I love the show, The Big Bang Theory- it’s one of my favorite. In fact, last year I even dressed as Amy Farrah Fowler for Halloween. But, for the first time ever I cringed while watching a recent episode. Penny was sitting in an interview to be a pharmaceutical rep. While talking about her previous job experience as a server at the Cheesecake Factory, she says that she once convinced a group of bigger customers to order cheesecake, ones that even had an insulin pump. Then the interviewer says to her, “I have an insulin pump.”

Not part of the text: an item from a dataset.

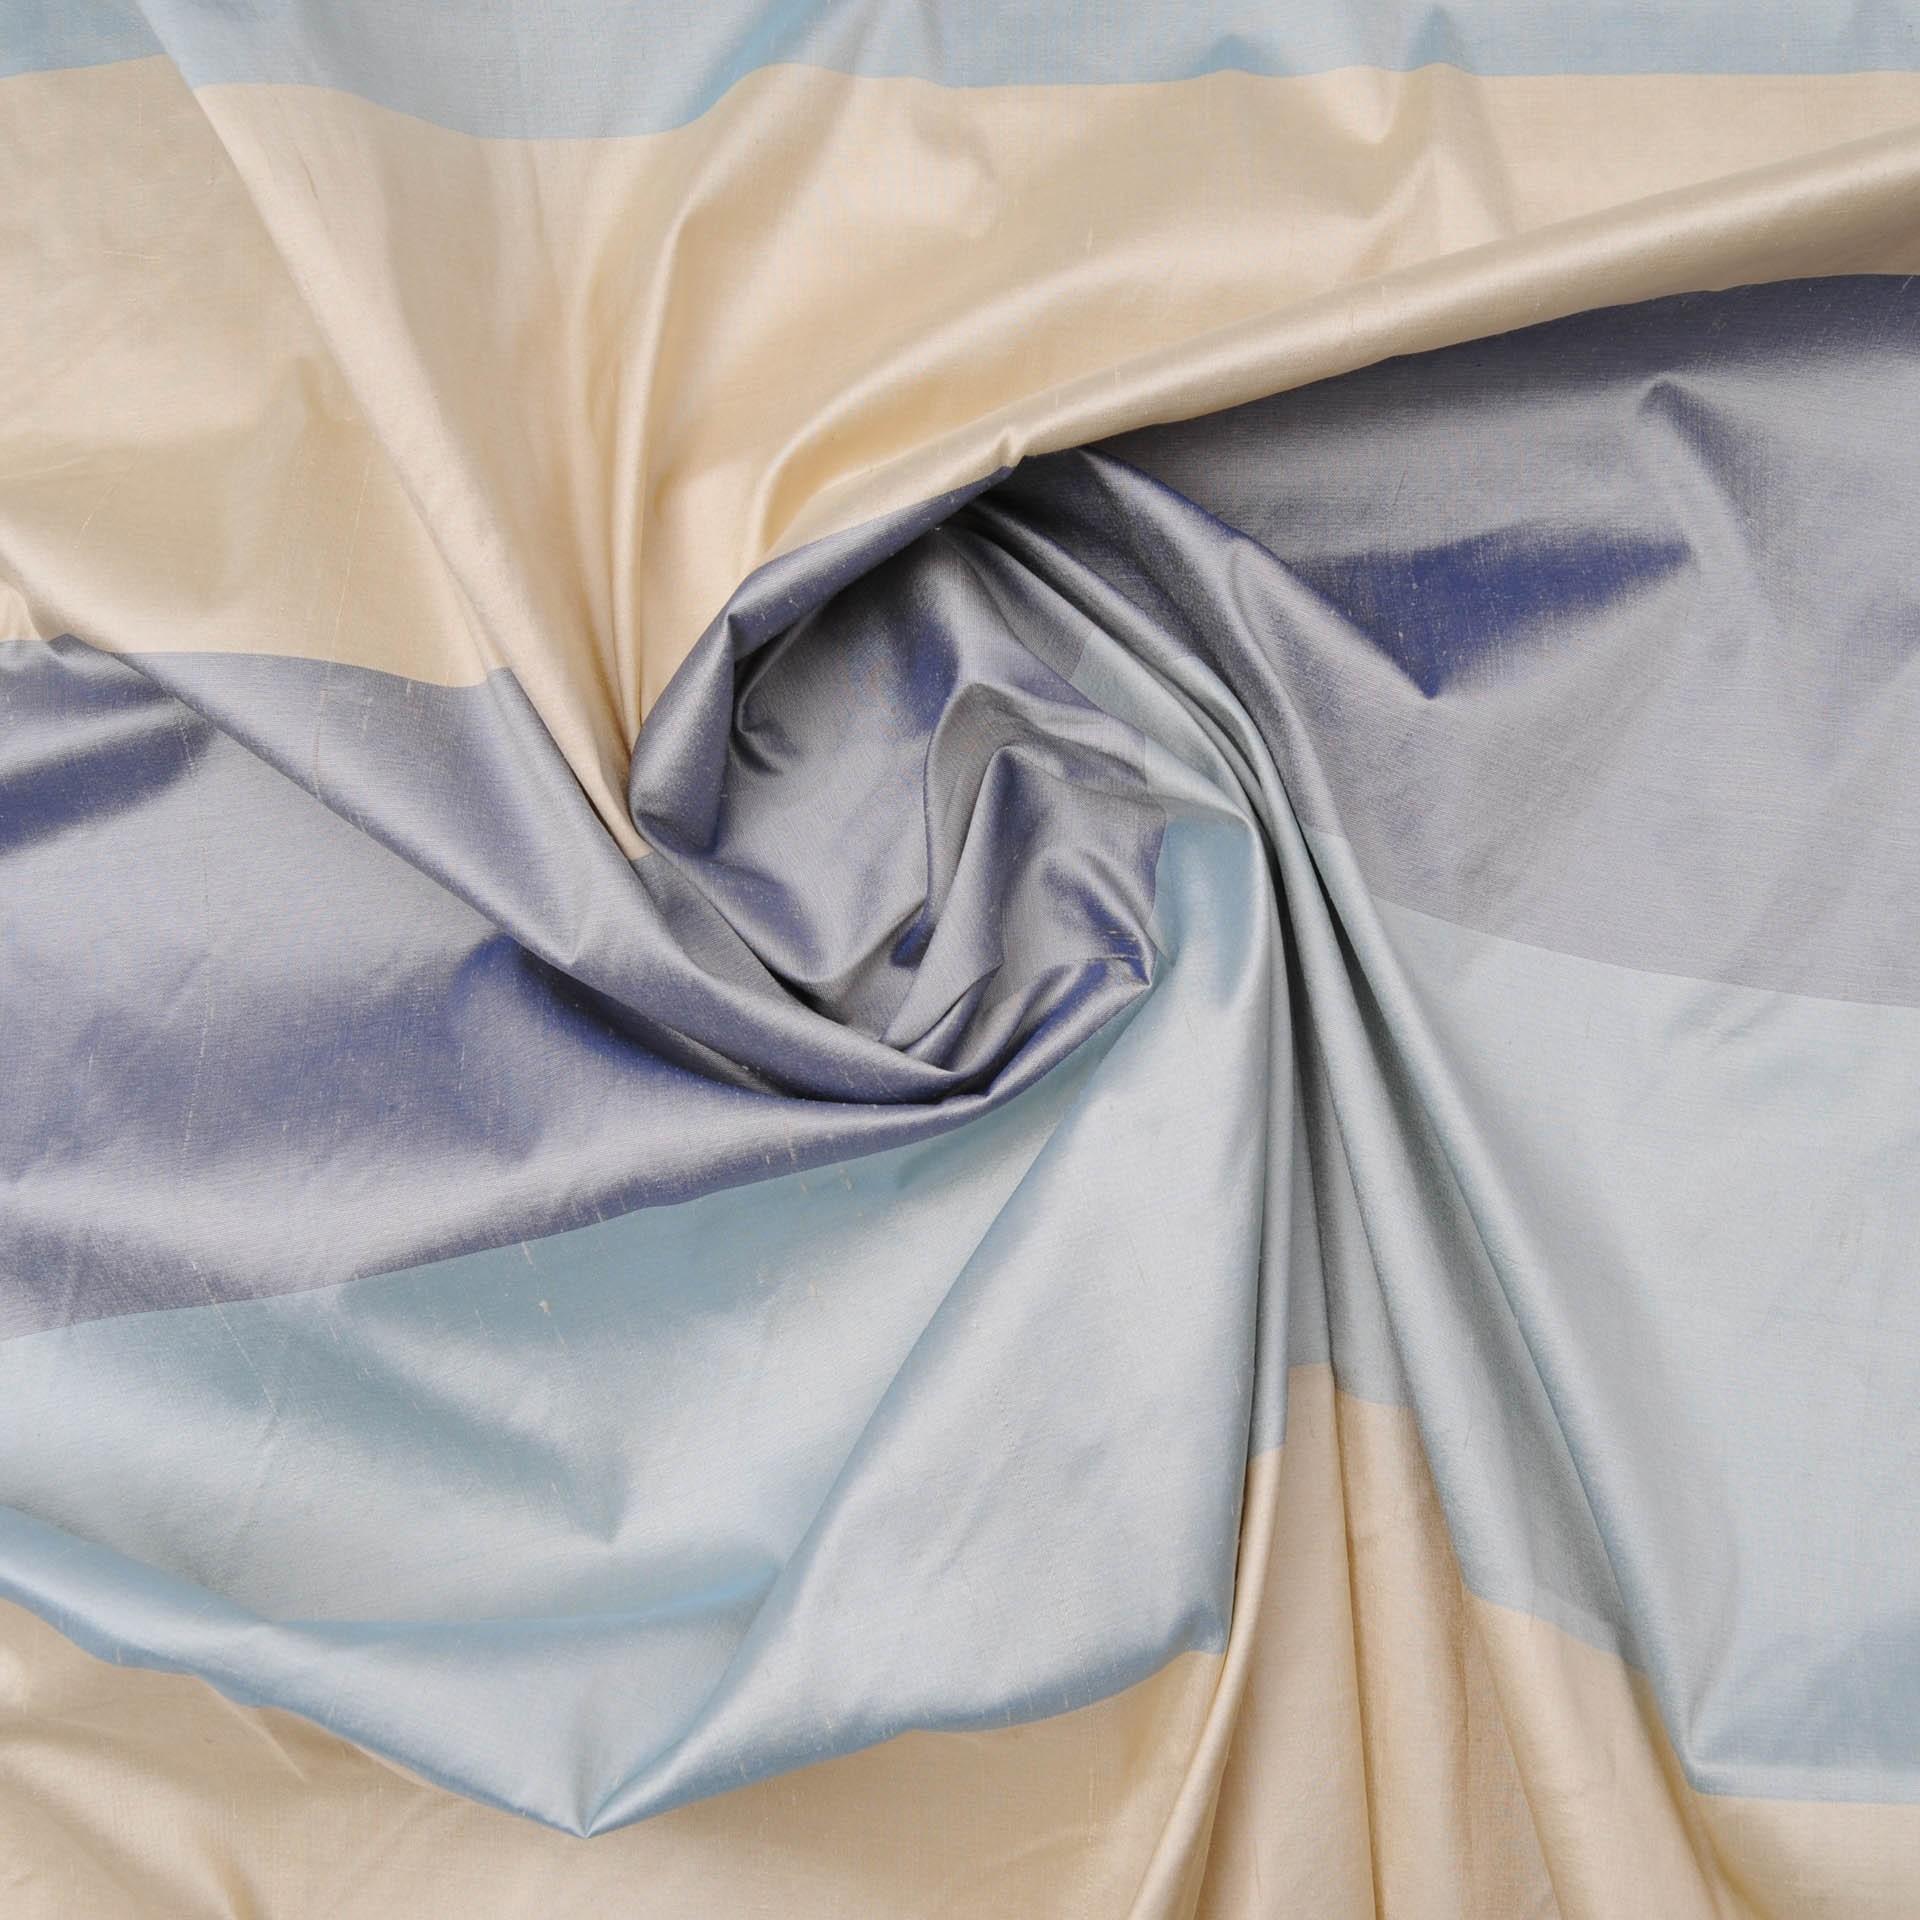 tissu au m tre toile polyester satin e rayures en 140cm n 729 defilentissus. Black Bedroom Furniture Sets. Home Design Ideas

In my experience, it’s very rare that a television show accurately depicts diabetes, Type 1 or Type 2. Maybe the statement was just a way to communicate that the customers had diabetes. But to me, Penny’s statement seemed to imply that if you have an insulin pump, your diabetes must be really bad. But that’s not the only assumption that one could make from that statement. Someone could assume that having an insulin pump means that you must not be doing a good job taking care of yourself, that you’re to blame for your present state, that an insulin pump is something you get when all else has failed.

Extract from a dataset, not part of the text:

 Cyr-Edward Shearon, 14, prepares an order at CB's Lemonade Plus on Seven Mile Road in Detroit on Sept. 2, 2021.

I was watching the show with someone who knows that I have an insulin pump, but not a ton more. We haven’t had a lot of discussions about my diabetes yet and what it means to live with Type 1. We haven’t talked about my pump and what it does and what my life was like before I had it. Rather than taking the opportunity to educate, I instead cringed on the inside, hoping that my friend was not silently making assumptions about me and my diabetes based on that statement. In that moment, I hated that show for making me feel self-conscious or ashamed even for those few seconds.
Because I’m not ashamed. Having an insulin pump is nothing to be ashamed about. I love my pump. It has given me tremendous freedom, control, and flexibility that I didn’t have before.

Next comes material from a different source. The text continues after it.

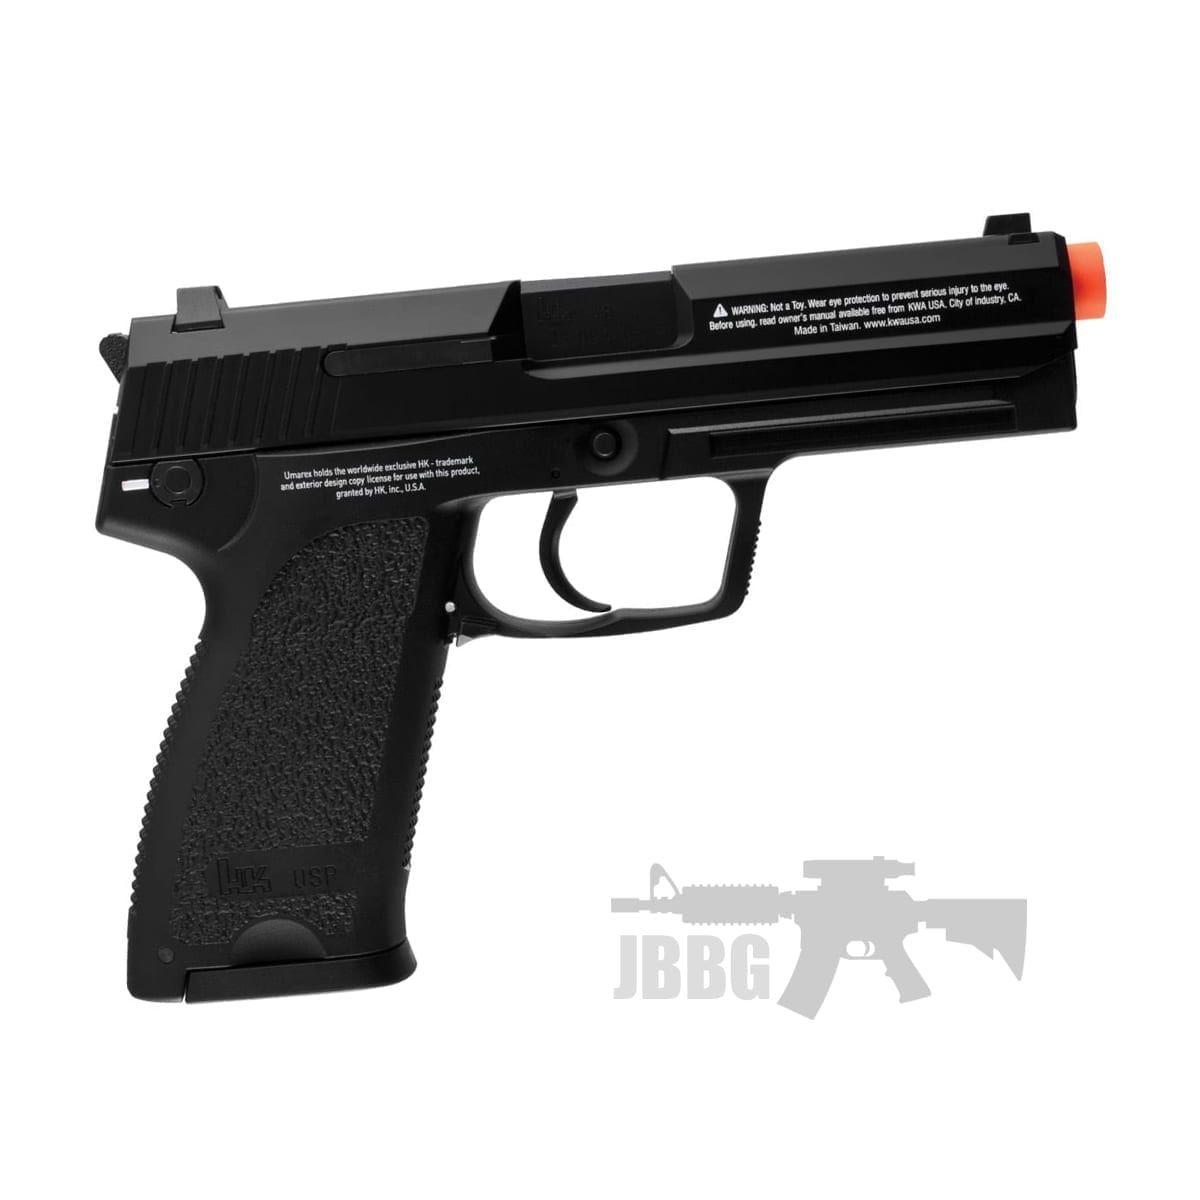 usp airsoft pistol

My insulin pump is the tool that helps me keep my blood sugar under tighter control. I didn’t go on it because my control was poor, I went on it so that I could have even better control. My pump is what helps me take care of myself and be healthy, not a symbol of the opposite.
Maybe not everyone interpreted Penny’s statement the way I did, Maybe I was extra sensitive to it. But, in my opinion, The Big Bang Theory has it wrong, Penny has it wrong. I am not ashamed.